I certainly wouldn’t want to get into anything deep, but I would probably tell him to buck his ideas up and spoil the girl a bit.
As I said, he would most likely ignore me, but he certainly wouldn’t take any offence.

M0nica Mon 25-Jul-22 20:20:34

I can disccuss anything with DS, but I have always chosen never to discuss his personal relationships. It has always struck me as an intimacy too far and a subject that should not be discussed between parent and child, unless brought up by the person, considered to need help - and even then, I would be very wary of encouraging them, possibly at a time when they are very upset, because they might talk about things that with retrospect they wished they hadn't. Better to direct them to a Counsellor.

Sara1954 Mon 25-Jul-22 20:06:54

I probably would, but we have the sort of relationship where we say things to each other without taking the slightest offence.
Obviously he wouldn’t take any notice of me, but it wouldn’t stop me trying.

Pammie1 Mon 25-Jul-22 20:04:35

You would be stepping into a minefield.
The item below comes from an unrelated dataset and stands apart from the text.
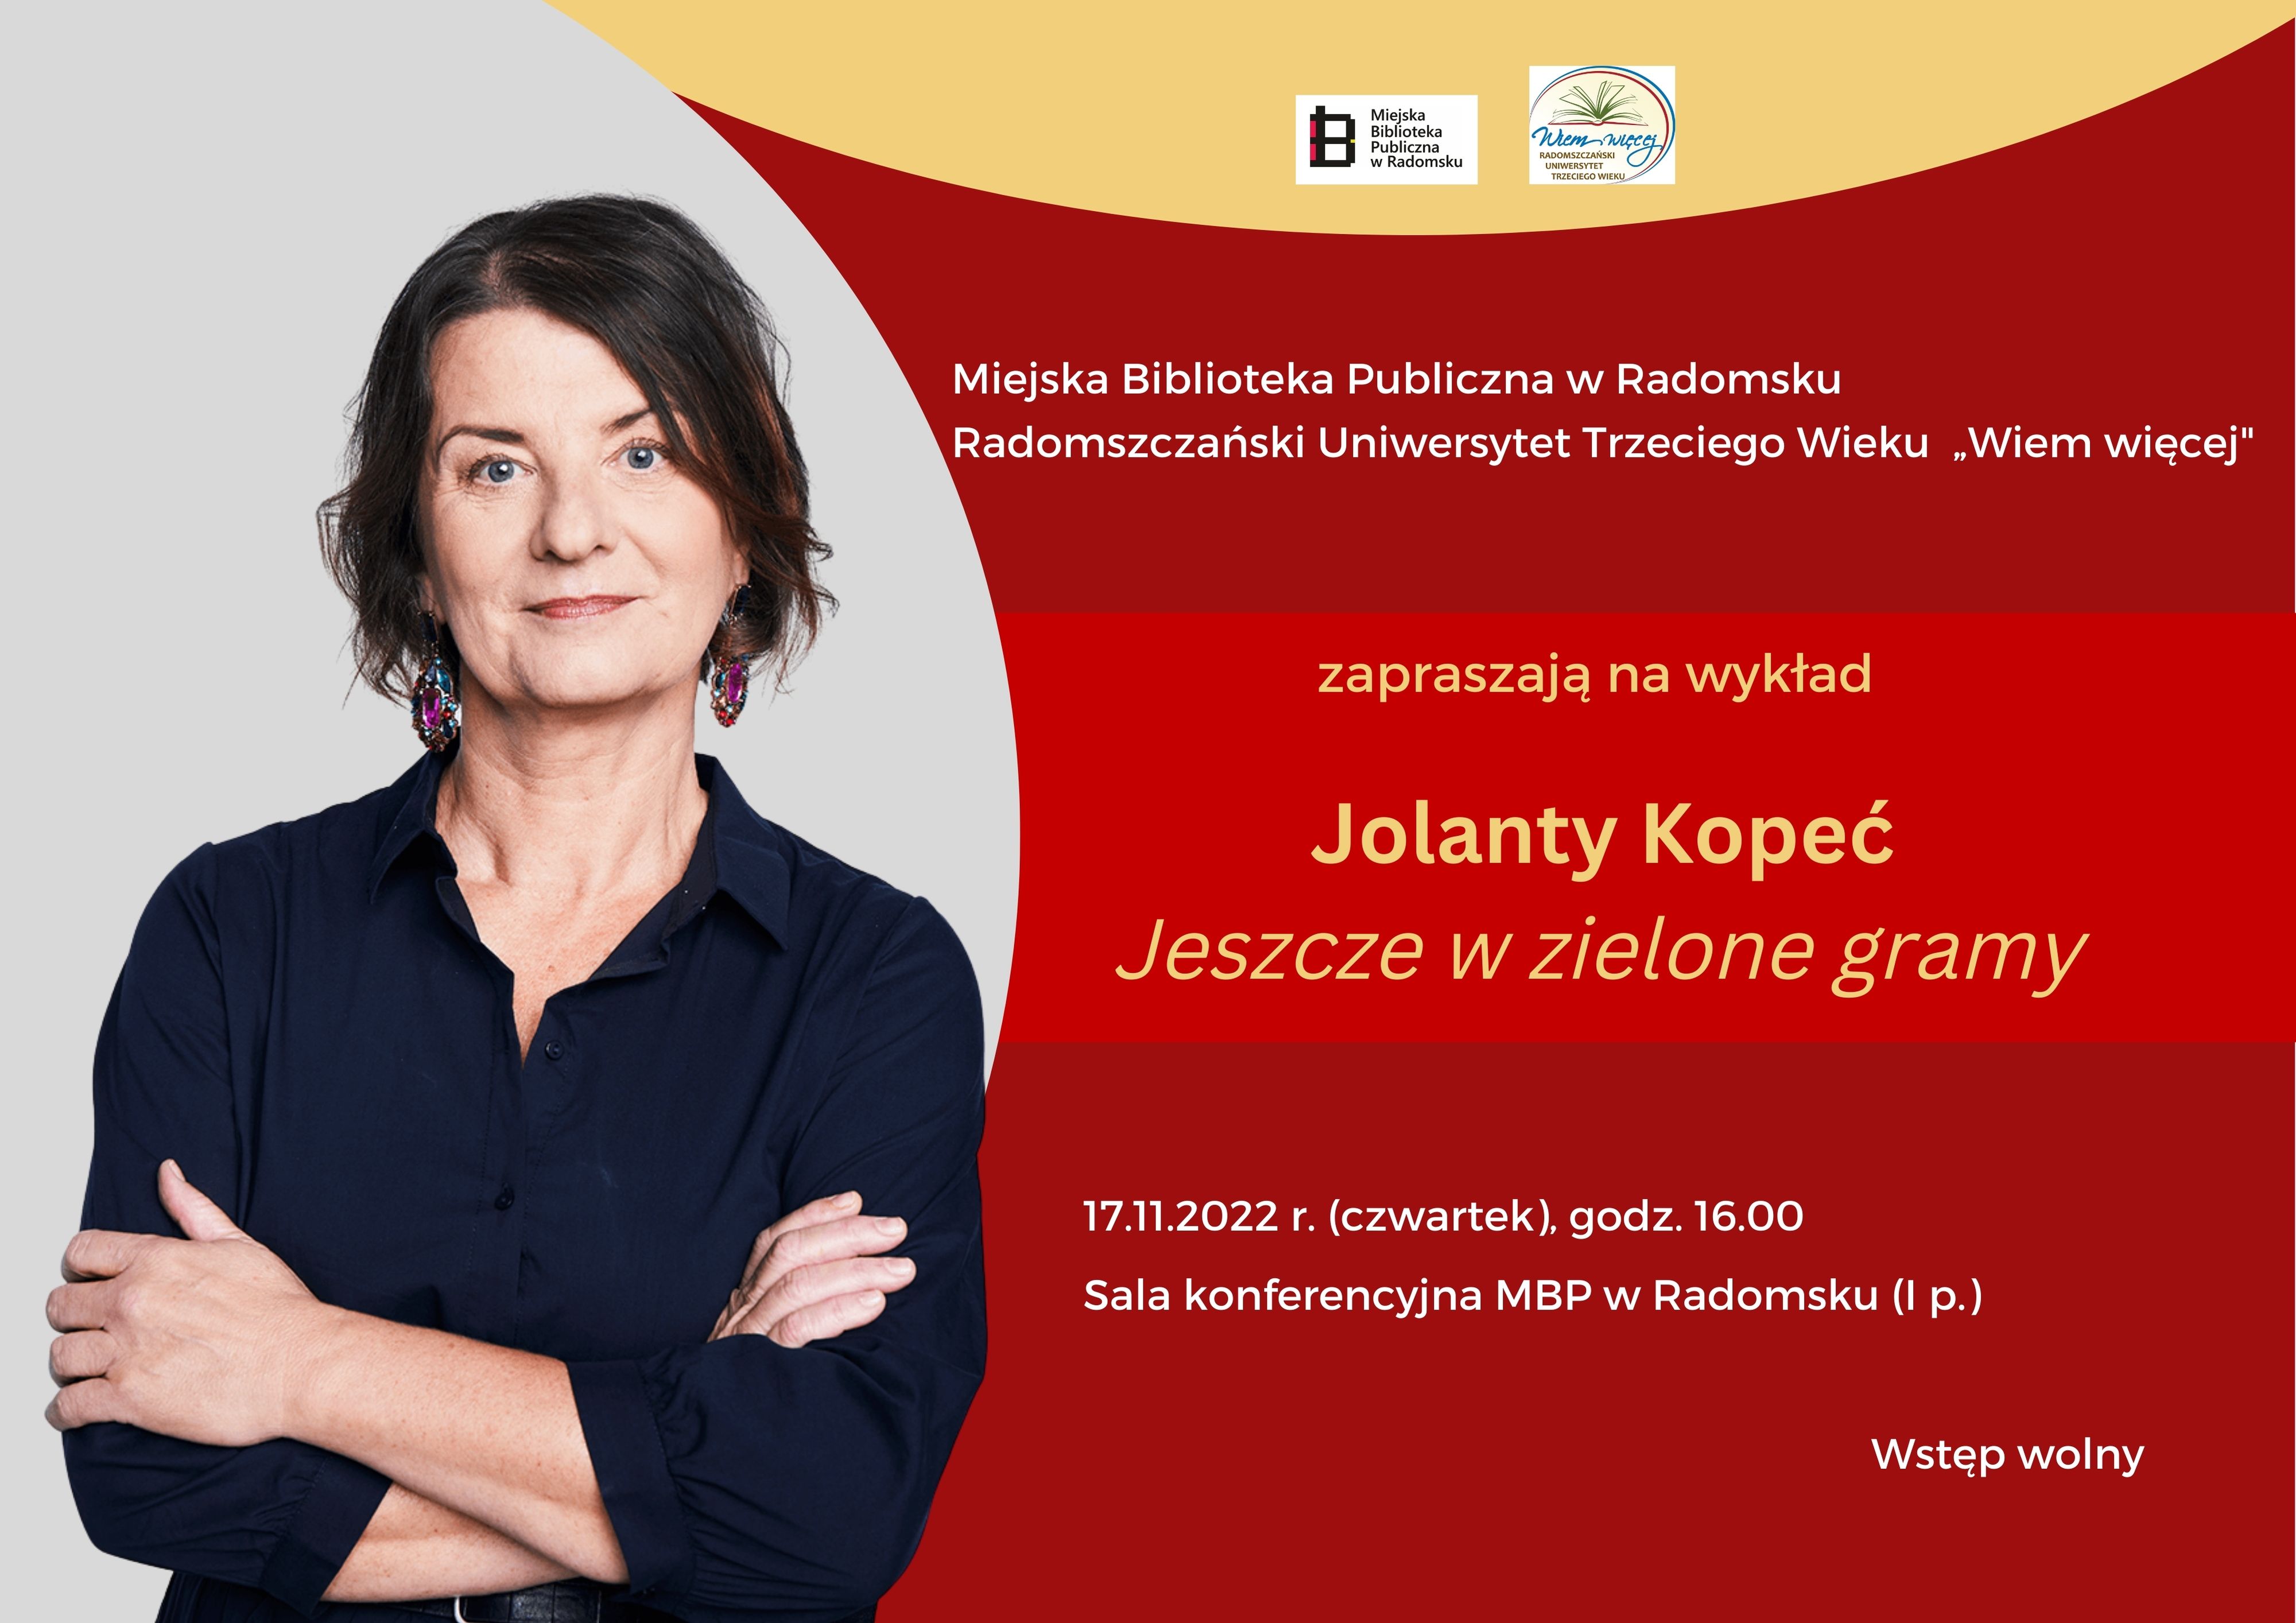 Jolanta Kopeć

It must be difficult for you, having seen his first marriage break up, but best to stay out of it.

M0nica Mon 25-Jul-22 20:04:00

He is a big boy now. Cut the apron strings and the umbilical cord and let him lead his life as he will. If he messes it up, then tough, he has to learn from the experience, or perhaps not.

Anything you do or say will only make a bad situation worse.
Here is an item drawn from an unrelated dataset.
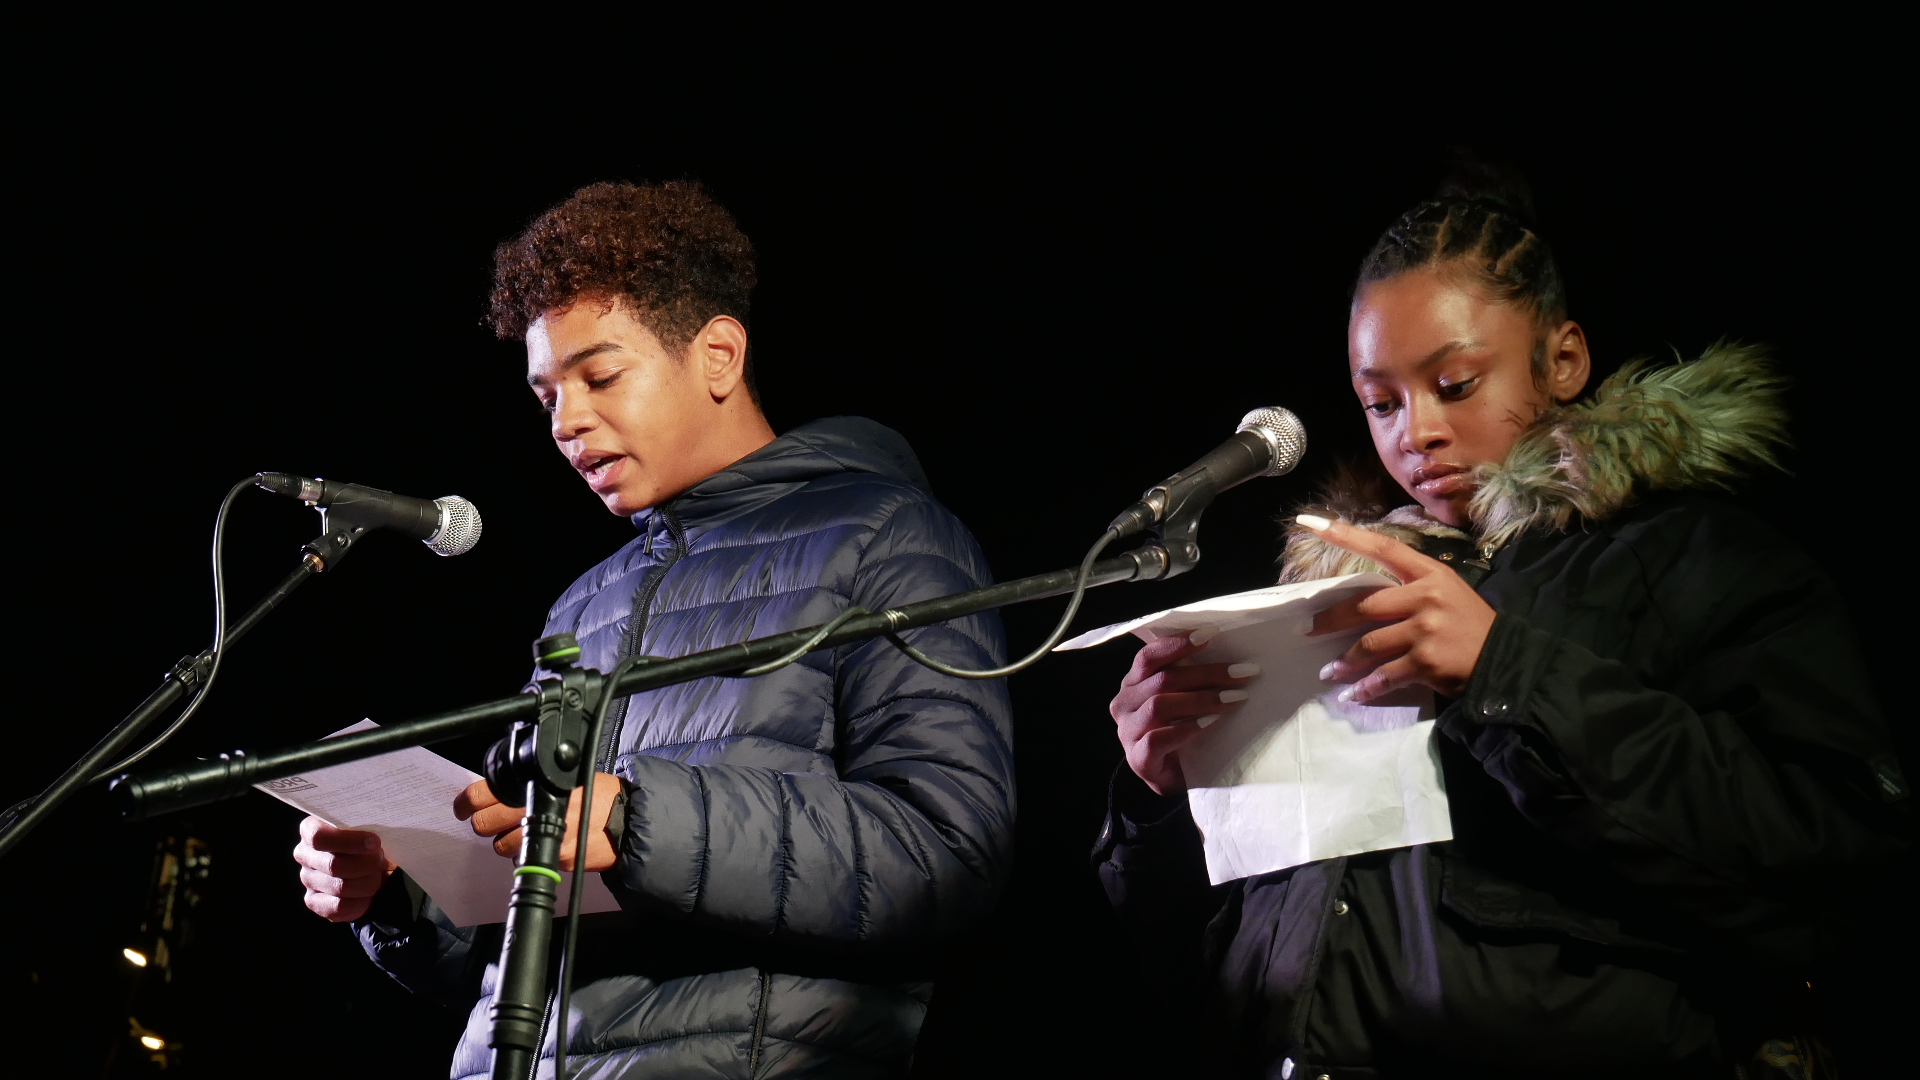 Un noi i una noia llegeixen un manifest amb dos micròfons davant.

Summerlove Mon 25-Jul-22 20:01:10

Stay so far out of it.

Your instincts are kind - but neither of them will thank you for interfering.

Urmstongran Mon 25-Jul-22 19:59:07

Stay out of it.

Madgran77 Mon 25-Jul-22 19:55:55

Don't say anything. Get to know her, be friendly, suggest a coffee together. Normal things to do to make someone welcome. Make yourself available and wait. |If she or he wants to talk they will.

But it is their relationship

rosie1959 Mon 25-Jul-22 19:54:34

Definitely leave them to it

Oopsadaisy1 Mon 25-Jul-22 19:54:21

Don’t say anything, he is 30 and he has to be responsible for his relationships. Please don’t make any suggestions to ‘help’ him.

Greg37 Mon 25-Jul-22 19:52:50

My 30 something son was divorced after 3 years of marriage because his wife had an affair. He is now in a new relationship with a lovely girl but I'm scared it will all go wrong again. I know he loves her but I'm afraid that he's not working hard enough on their relationship. He doesn't treat her or take her out very often. I've tried to suggest things but he says she's ok with things. Recently they seem to spend more time with separate friends. I'm worried that she might leave him if he doesn't value her more. What should I do- ask if things are ok or leave them to it?